With no flags, Council uses:

  • Visibility: all (every expert sees everything)
  • Summaries: none (no summarization)
  • Hard cap: none (no truncation)

This works for short debates (1–3 rounds, 3–4 experts) but hits limits beyond that.

Council emits a cost.update event after each round showing:

  • Total tokens in (input)
  • Total tokens out (output)
  • Estimated cost ($USD)

The CLI also shows an estimated premium request count while a debate runs. A premium request is one AI expert turn, so the estimate is roughly experts × rounds in freeform debates or experts × phases in structured debates. It is not a hard limit or stop condition; actual usage can differ when retries, early exits, or future debate mechanics change the number of AI turns.

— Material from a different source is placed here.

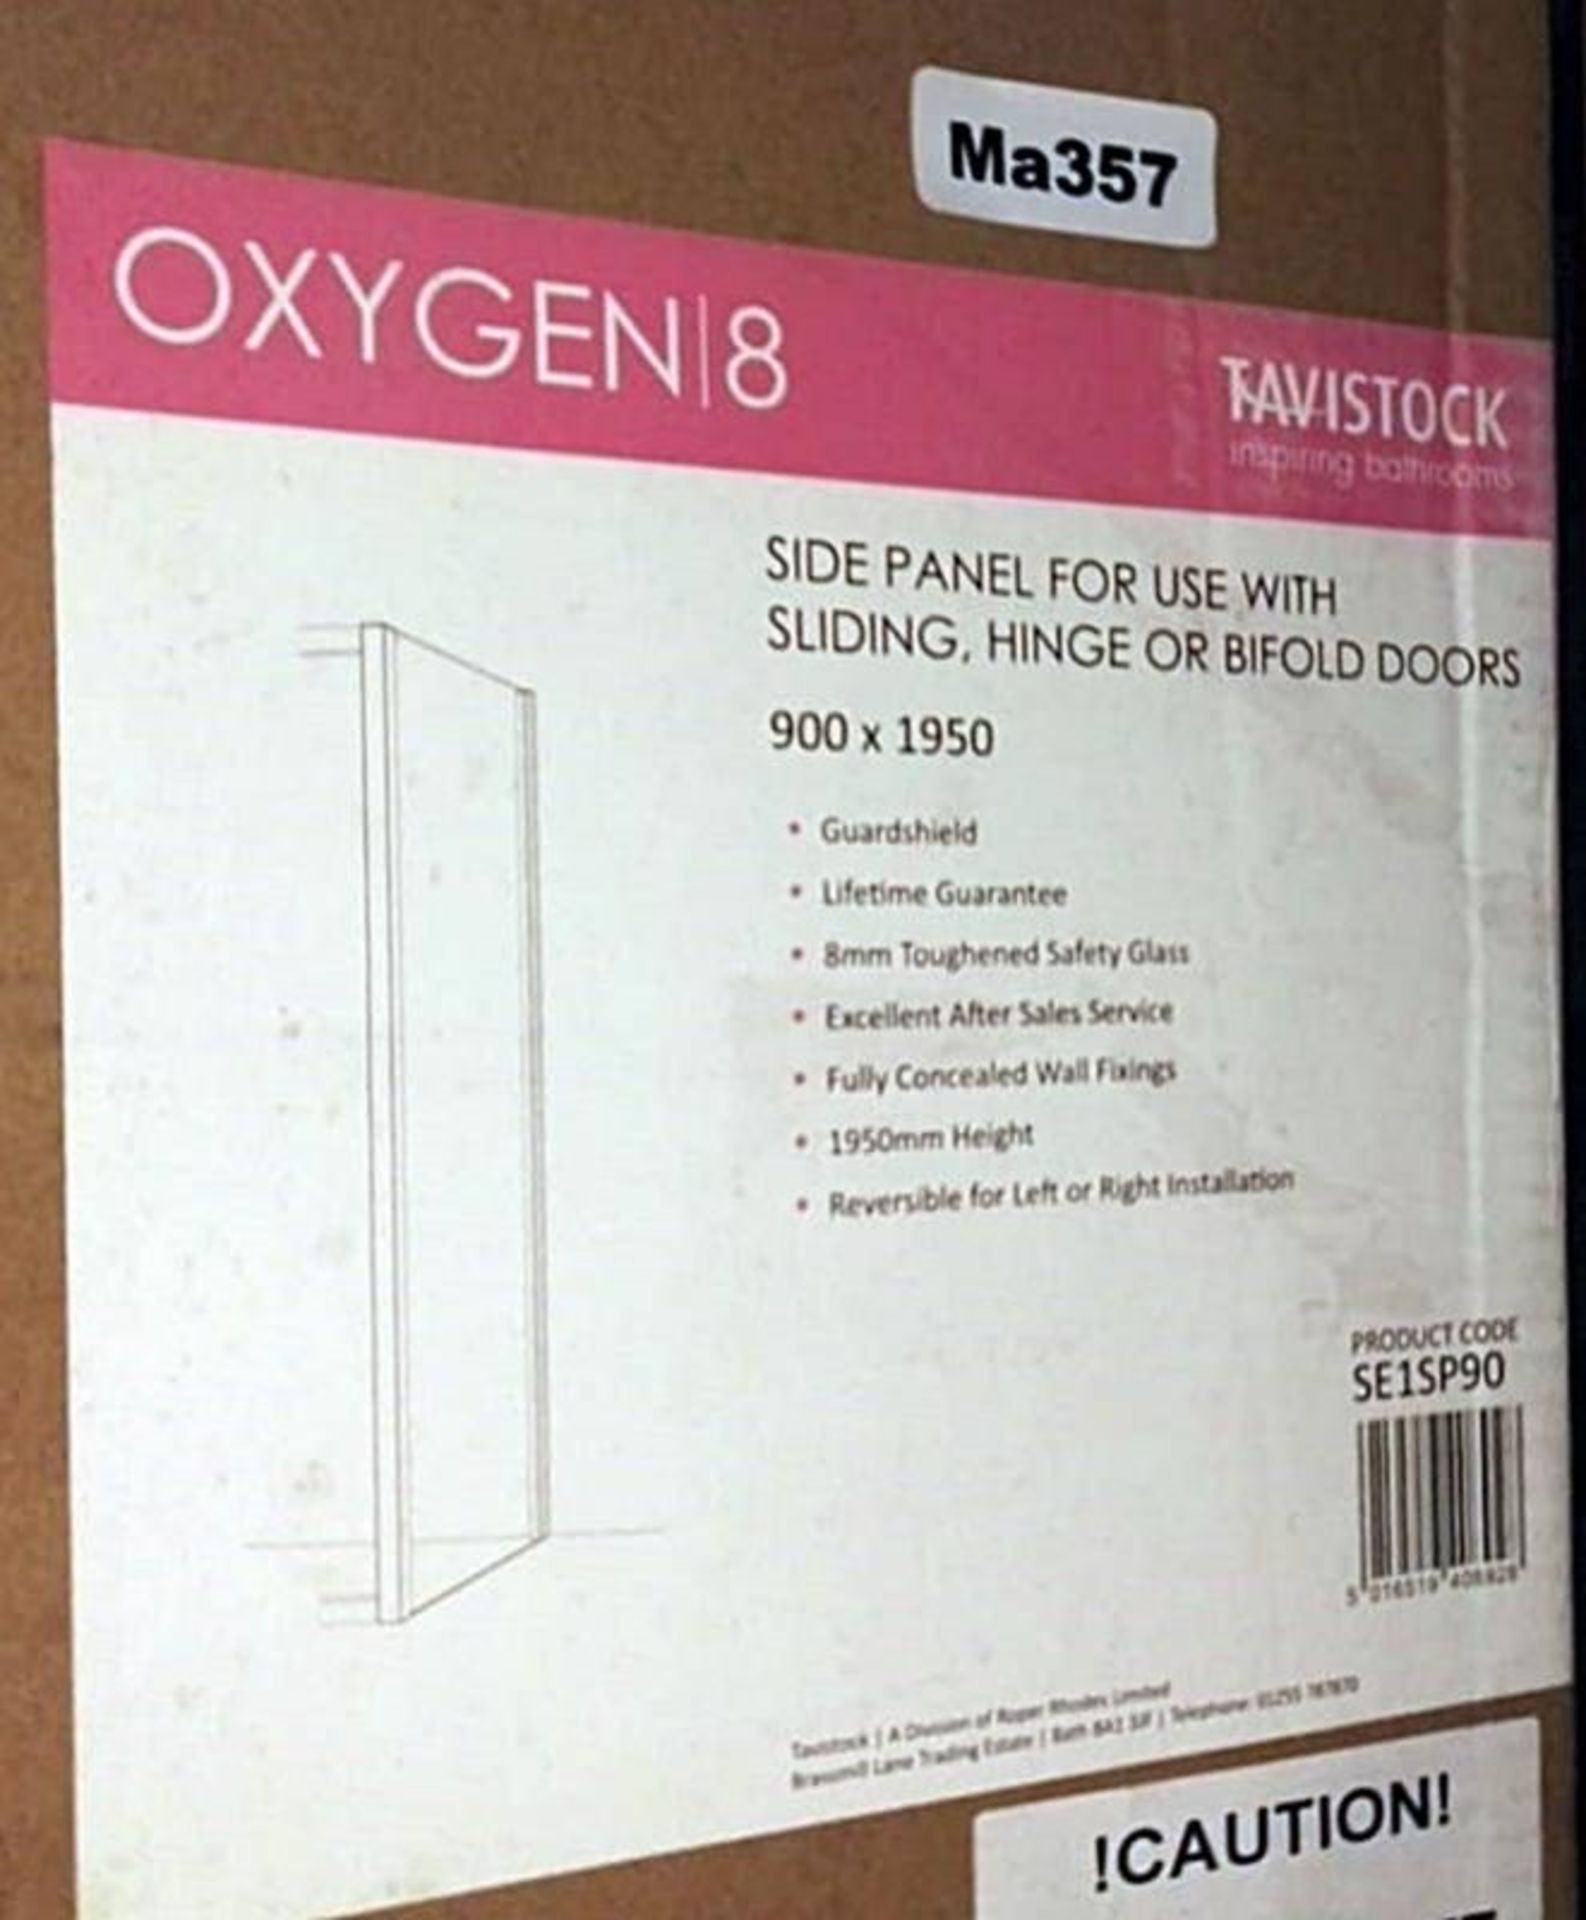 1 x Tavistock 'OXYGEN 8' Side Panel - Dimensions: 900 x 1950 - Ref: ma357A - New / Boxed Stock - CL0 - Image 2 of 2

To reduce premium-request usage, lower the panel size or round count:

Terminal window
council convene "My topic" --max-rounds 2 # fewer rounds → fewer turns
council convene "My topic" --max-experts 2 # smaller panel → fewer concurrent turns per round
council convene "My topic" --panel budget # purpose-built panel with fewer experts

Watch for input token counts approaching your model’s limit (e.g., 128k for Claude Sonnet, 200k for GPT-4 Turbo). If you see >80k input tokens, consider enabling context management.